De Narratieven

Inleiding: 

De data die ik heb verzameld zijn tweeledig en hebben, naar mijn mening, een versterkende werking op elkaar.  

Eén van de data zijn de lapjes die gemaakt zijn en waar deelnemers aan mijn onderzoek op hun manier hun beschermjas hebben weergegeven. Door hiermee bezig te zijn, en voorafgaand het maakproces, de verwarring die kon ontstaan door na te denken over de vraag ‘Wat is jouw beschermjas’, kon teweegbrengen dat er voor de deelnemers zelf onthullende en verrassende inzichten en gedachten naar bovenkwamen. Eerder heb ik in mijn logboek al geschreven over de onderzoeken die ik vond over de stress-reducerende werking die werken met je handen heeft en dat het is gebleken dat werken met textiel dit versterkt. (Reynolds, 2000, blog: https://www.debora24-7.nl/blog/het-patchwork/

De ontmoetingen en de verhalen die hieruit voortkwamen, krijgen op twee manieren een plek in het onderzoek: voor de analyse heb ik er een aantal uitgewerkt, zodat ik kan laten zien welke gedachten naar boven kwamen en welke inzichten hieruit voortkwamen. Dit is een selectie van alle ontmoetingen die ik vanaf december 2019 heb gehad. Daarbij wil ik quotes en fragmenten van deze ontmoetingen samenbrengen in een filmpje dat aan zal staan als het patchwork wordt getoond. Dit filmpje kan ook ‘los’ getoond worden, aangezien het patchwork groot is en niet altijd makkelijk te laten zien zal zijn.

Gaandeweg het onderzoek, kwam ik op het idee om ook met studenten aan het patchwork te werken. Ook al is er veel bekend over de helende en ontspannende werking van kunstzinnige en creatieve activiteiten doordat er al veel onderzoek naar gedaan is, dat wil zeker niet zeggen dat het gemeengoed in ziekenhuizen is, om manieren te vinden hoe je dit actief kan inzetten. Ik merkte, naast de veelal positieve reacties en ervaringen die ik met patiënten had tijdens het werken in het open atelier, dat sommige verpleegkundigen nogal lacherig kunnen reageren als je het wilt aanbieden. Ook in het Radboud universitair medisch centrum, waar de Blue Zone nu al bijna een jaar actief is. Ik heb het idee geopperd of het een idee kan zijn om verpleegkundigen hier een training in aan te bieden, maar in het gesprek dat ik had met Micha Holla, traumachirurg in Radboudumc, gaf hij aan dat er een te grote werkdruk ligt op de verpleegkundigen en dat hier geen ruimte voor is.  

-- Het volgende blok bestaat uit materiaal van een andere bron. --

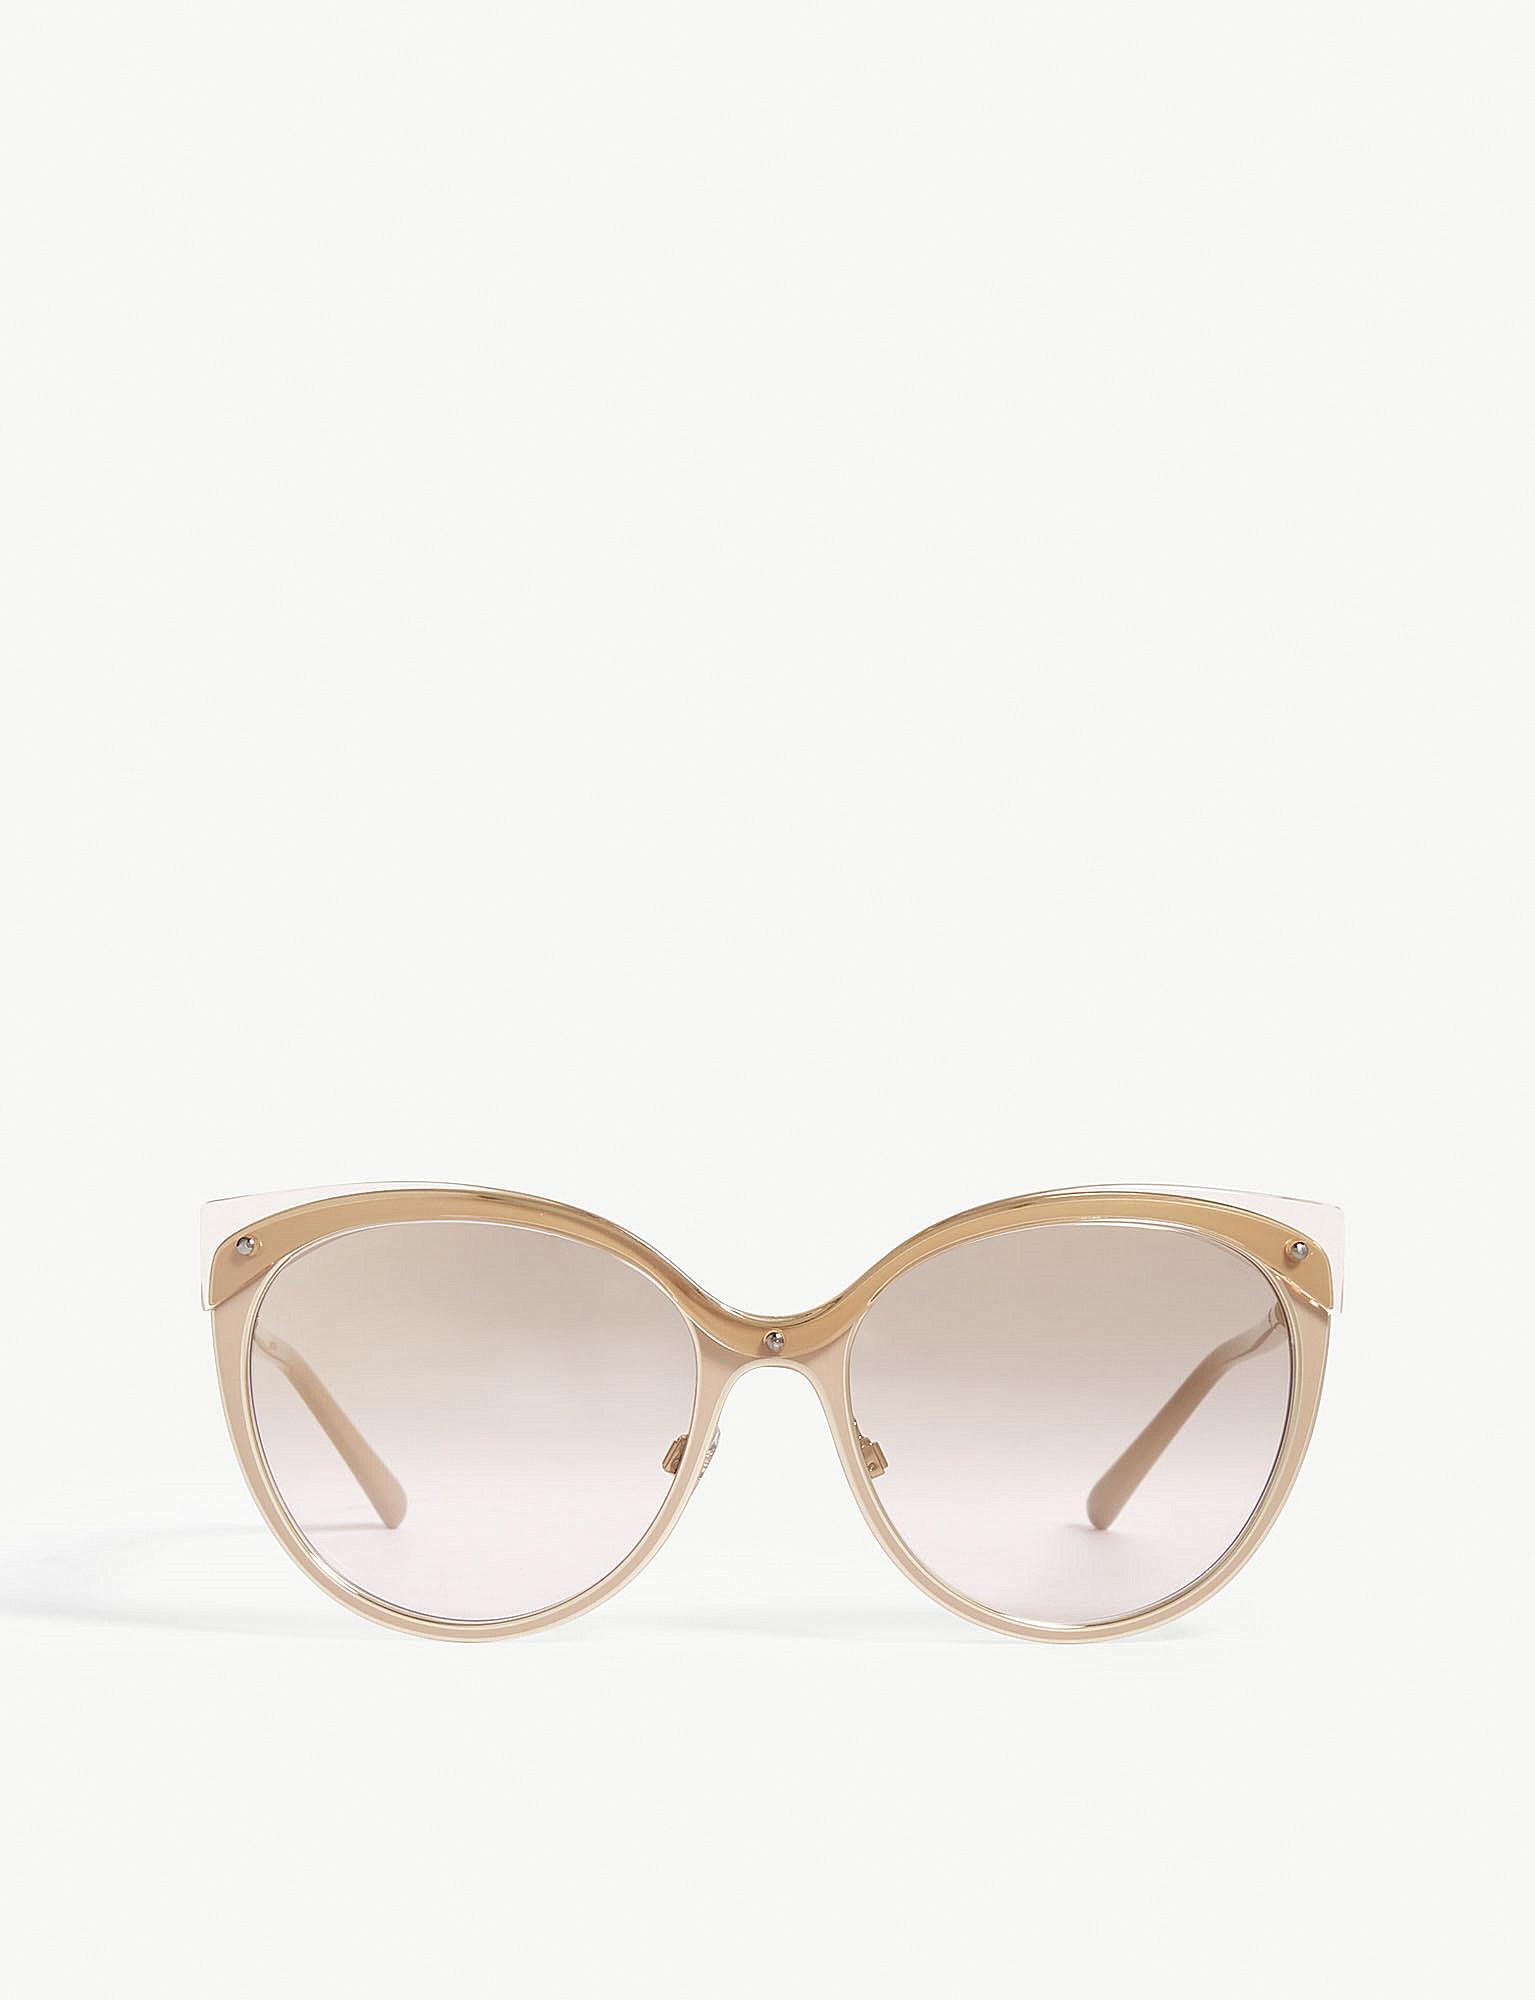 25364cf56e2 Burberry Be3096 Cat-eye Frame Sunglasses in Brown - Lyst

Voor de studenten was het enerzijds een manier om over zichzelf na te denken en was het zo een bijdrage aan hun persoonlijke ontwikkeling, anderzijds was het een manier om hen te laten beleven hoe zij creativiteit een plek kunnen geven in hun beroepspraktijk.  

Gaandeweg mijn onderzoek werd ik geraakt door de openhartigheid en bereidheid dit te delen door de deelnemers. Een van de beoogde doelen van de initiatiefnemers van de Blue Zone, Eveline Kooke en Anne van Rossum, is ontspanning brengen. Ontspanning betekent: ‘Andere activiteiten doen dan je de hele dag al hebt gedaan. Het geestelijk en lichamelijk tot rust komen.’ (www.encyclo.nl) 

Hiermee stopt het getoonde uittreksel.